O ponto mais importante da atual greve dos professores é a conquista de um Plano de Carreira digno e condizente com a importância de seu papel na sociedade. Além disso, outra importante questão refere-se às condições cotidianas de trabalho, tanto no que diz respeito a espaços físicos e equipamentos adequados, quanto de professores em número suficiente para que cada um cumpra seu papel satisfatoriamente, sem sobrecarga de trabalho e distorções funcionais.

Sabe-se que os professores das universidades públicas formam os profissionais de TODAS as áreas de nível superior. São muitos profissionais semestralmente formados por uma categoria que, há anos, vem trabalhando em condições financeiras, operacionais e psicológicas frágeis e que, mesmo após anos de carreira e investimento em suas próprias formações, recebem remunerações muito aquém de sua qualificação.

Embora venham trabalhando há anos em condições pouco adequadas, os professores das universidades públicas são agentes sociais estratégicos. Eles são os principais responsáveis pela produção de novos conhecimentos, por meio da prática da Pesquisa, fundamental para o desenvolvimento científico, cultural e econômico do país, e também para a resolução de seus graves problemas sociais. Por fim, são os professores das universidades públicas que conduzem inúmeras atividades de Extensão, voltadas ao atendimento de várias demandas da população e à democratização efetiva do conhecimento produzido dentro das instituições.

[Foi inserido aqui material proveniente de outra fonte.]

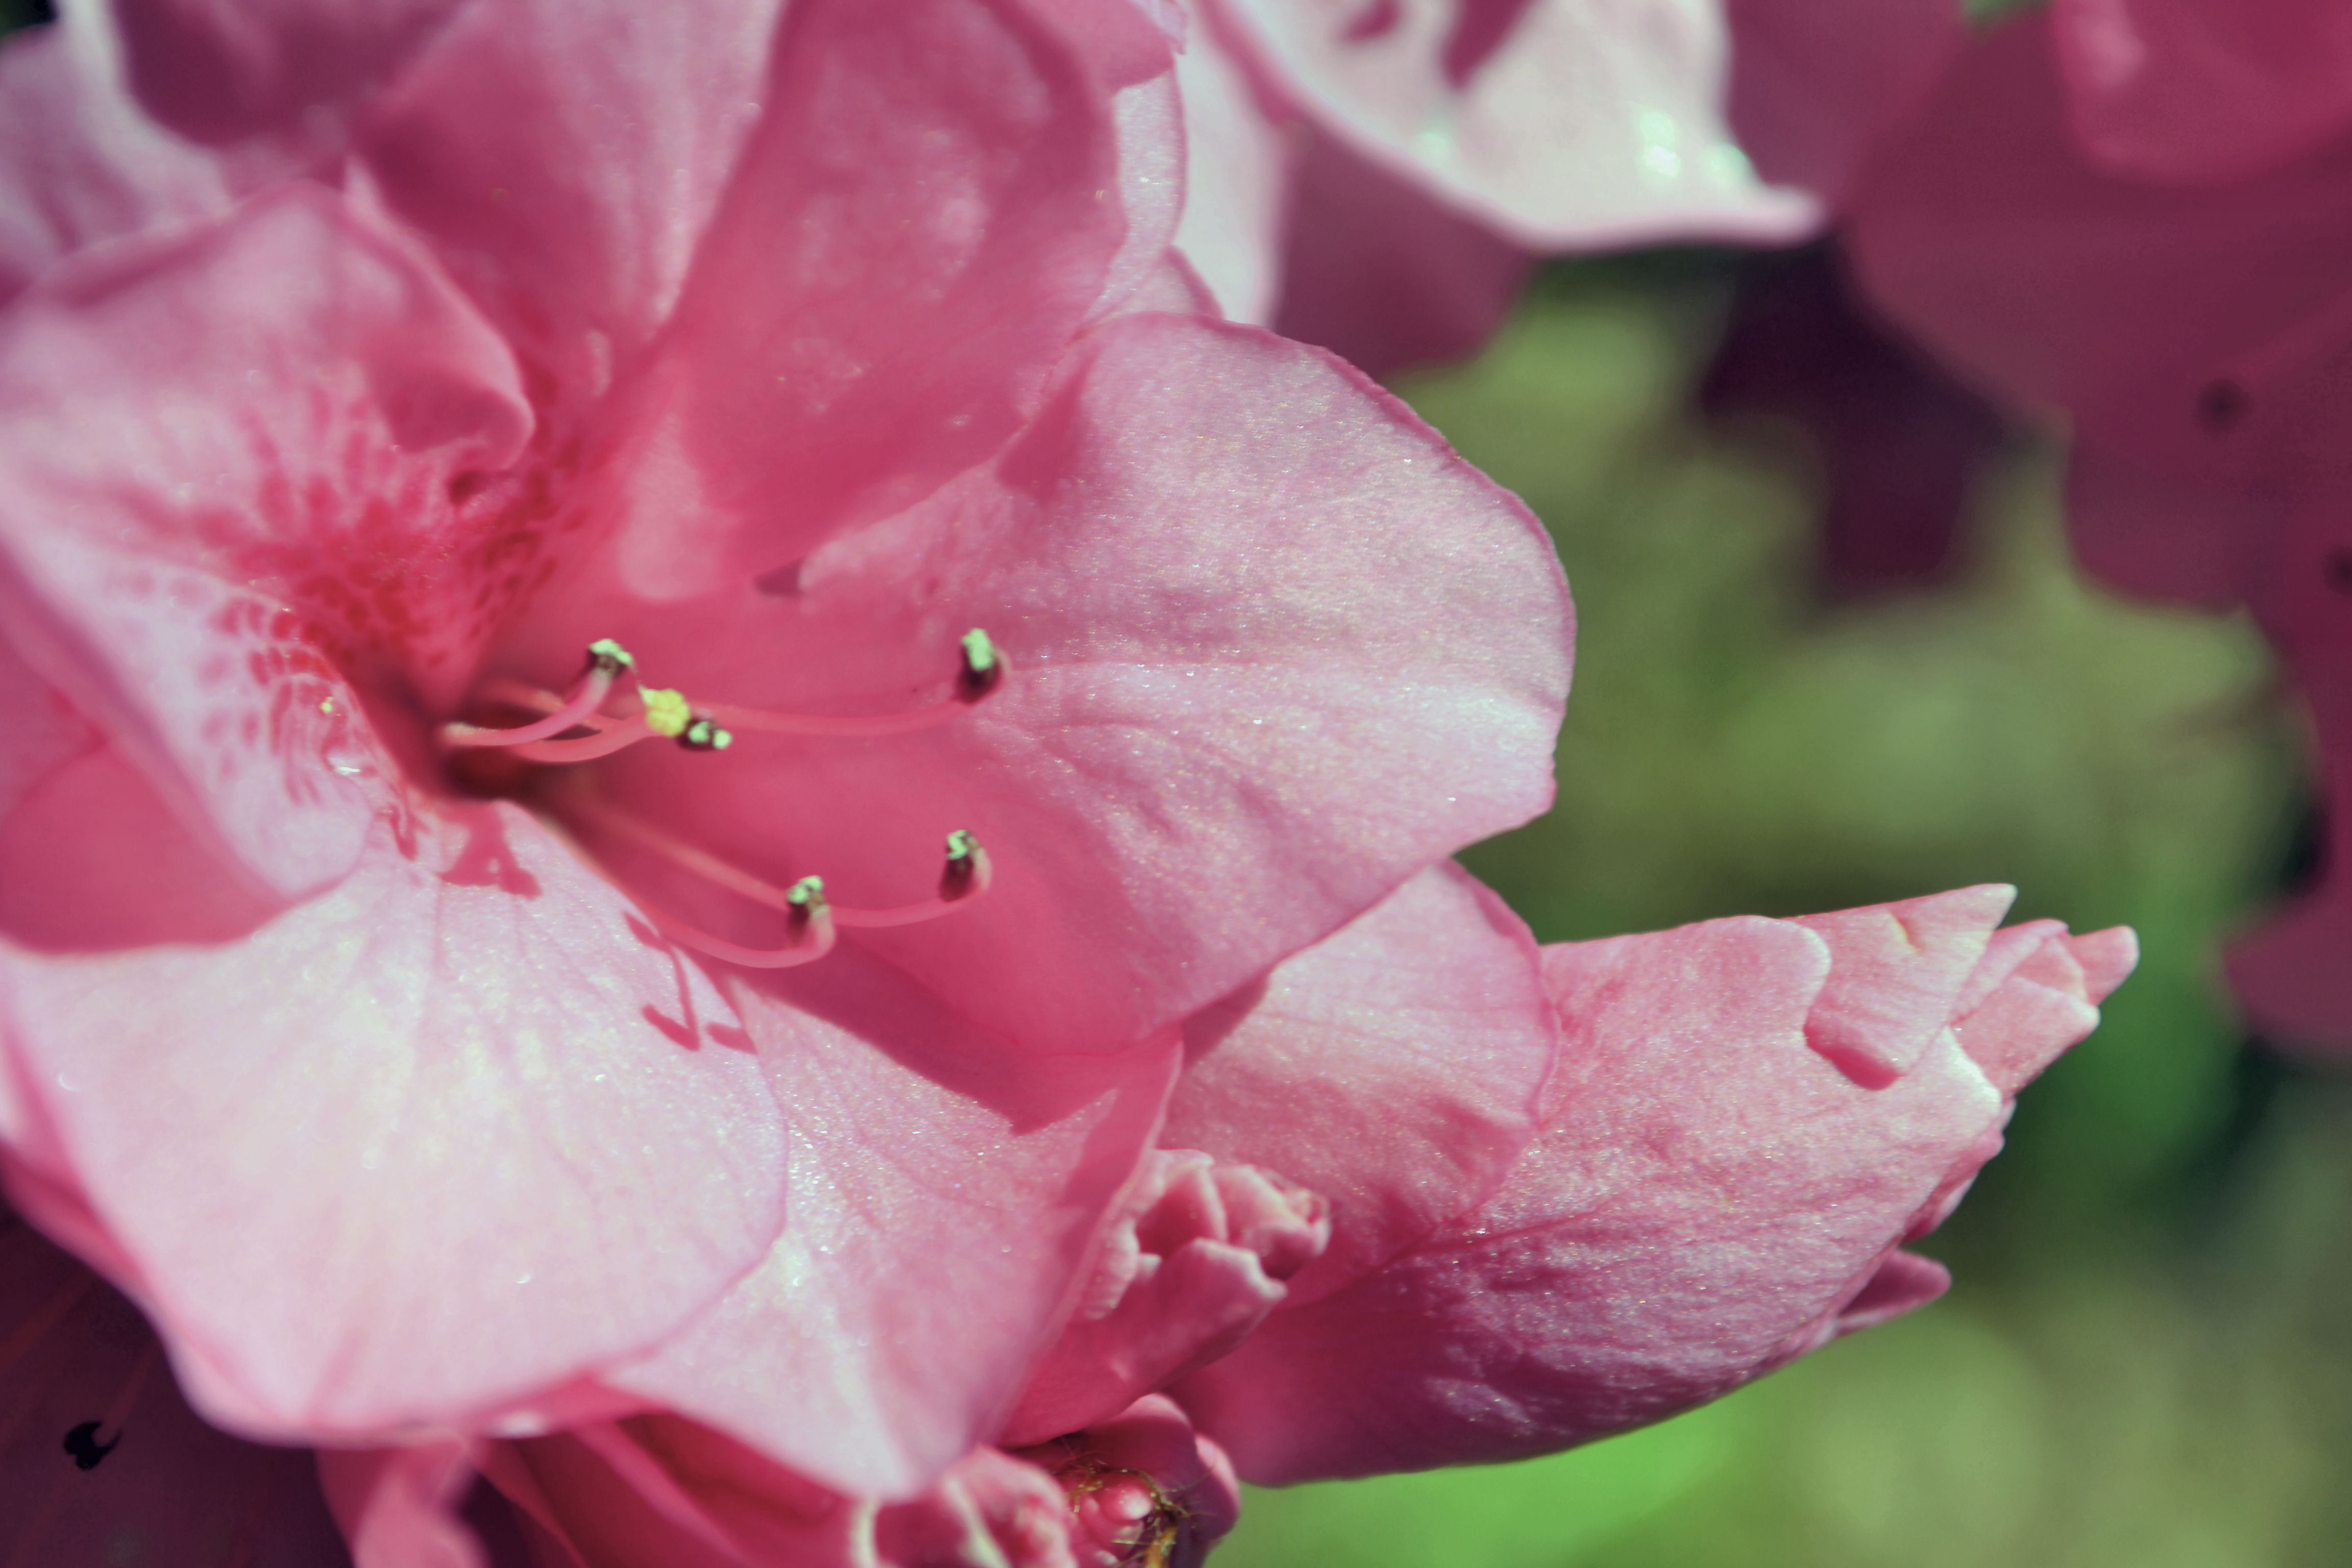 earth, rhododendron, pink flower, flowers

Trata-se de uma categoria de enorme importância para o país em diversos sentidos, e que não pode ser tratada pelo Governo Federal de maneira leviana e desqualificadora. Caso o Plano de Carreira proposto pelo Governo seja aprovado sem as reivindicações feitas pelo movimento docente, a qualidade da produção da Universidade será severamente afetada, prejudicando a população e o país, em curto, médio e longo prazo.

A greve em questão não se refere apenas aos interesses salariais ou individuais de cada professor: ela diz respeito à saúde e à educação de crianças e adultos; diz respeito ao desenho e ao planejamento das cidades, e ao desenvolvimento do país; diz respeito à diminuição das injustiças sociais e à melhoria das condições de vida de todo e qualquer cidadão brasileiro.

A greve dos professores diz respeito a todos e a cada um de nós.

Comando Local da Greve dos Professores

Universidade Federal do Espírito Santo,

em 18 de maio de 2012.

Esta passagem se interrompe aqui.